Warm-up makes manure runoff a risk
With temperatures over 40 degrees and rain forecast in coming days, Wisconsin agriculture and water quality officials are asking farmers to check the Runoff Risk Advisory Forecast online before spreading manure.
They encourage farmers to avoid spreading manure during high-risk runoff times. If farmers must spread manure now, they should steer clear of high risk fields and have a spill response plan in place.
“The weather that is forecast could create a high risk of manure runoff to lakes, streams and groundwater if farmers spread it now,” says Sara Walling, water quality section leader with the Wisconsin Department of Agriculture, Trade and Consumer Protection. “The online runoff risk advisory maps will give them a day-by-day forecast out 10 days, so they can avoid spreading, or if they must spread manure during that time, can take steps to minimize the risk of runoff.”
The Runoff Risk Advisory Forecast is available at www.manureadvisorysystem.wi.gov and is part of the Wisconsin Manure Management Advisory System. The runoff forecast provides maps showing short-term runoff risk for daily application planning, taking into account factors including soil moisture, weather forecast, crop cover, snow cover, and slope. In winter, it gives a 10-day outlook day by day. It is updated three times daily by the National Weather Service.
Farmers should contact their crop consultants or county land conservation offices for help identifying alternatives to spreading, such as stacking manure away from lakes or rivers, drinking water wells, or area with sinkholes or exposed bedrock. If farmers must spread manure, crop consultants and county conservationists can help identify fields where the risk is lower. You can find contact information for county conservation offices at datcp.wi.gov, search for conservation directory.

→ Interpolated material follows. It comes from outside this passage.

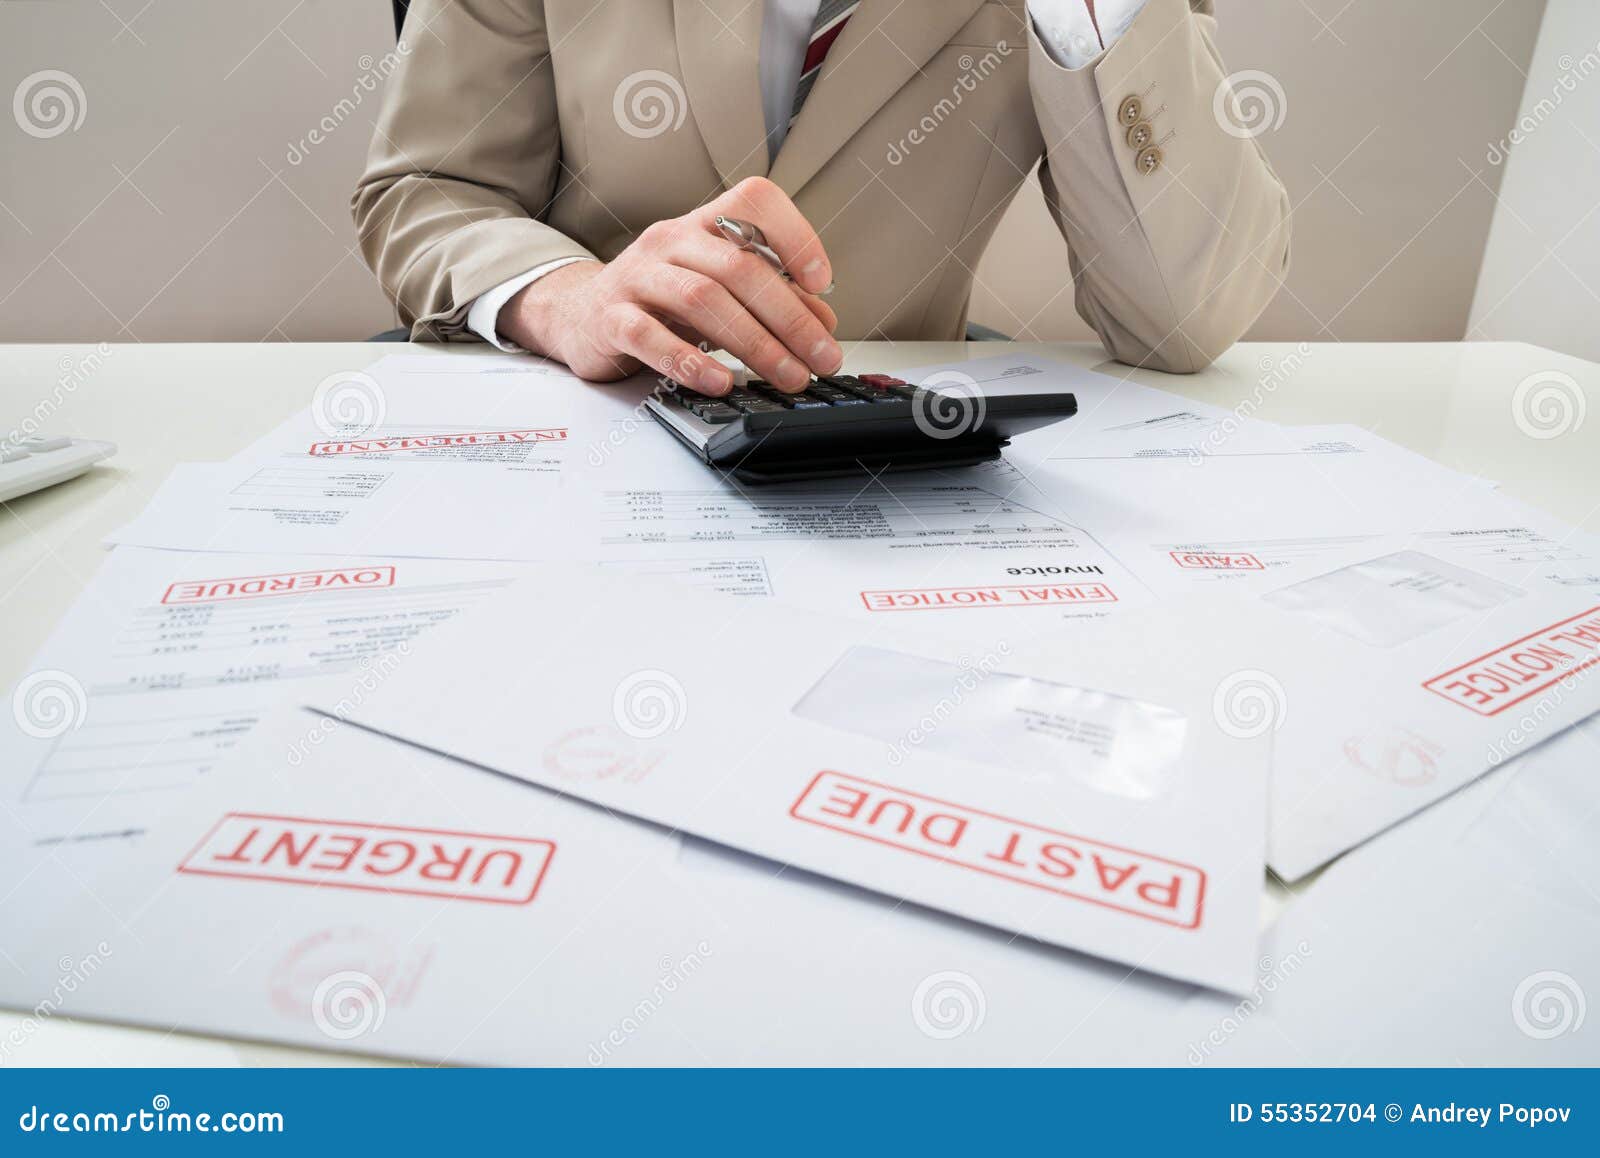 businessman with calculator and unpaid bills

“If you are unable to avoid spreading manure in the coming days, you need to use caution, and know what the conditions are on the fields where you’re spreading. A winter spreading plan can help find these lower risk fields,” says Amy Callis, Agricultural Nonpoint Source Implementation Coordinator with the Wisconsin Department of Natural Resources. “You need to aim for the best outcome, but plan for the worst. You should also have a plan in place ahead of time about who to call and what steps to take if runoff or a spill occurs. How are you going to get it cleaned up and how are you going to prevent it from happening again?”
Information about preventing and planning for manure spills is available at dnr.wi.gov/topic/agbusiness/manurespills.html.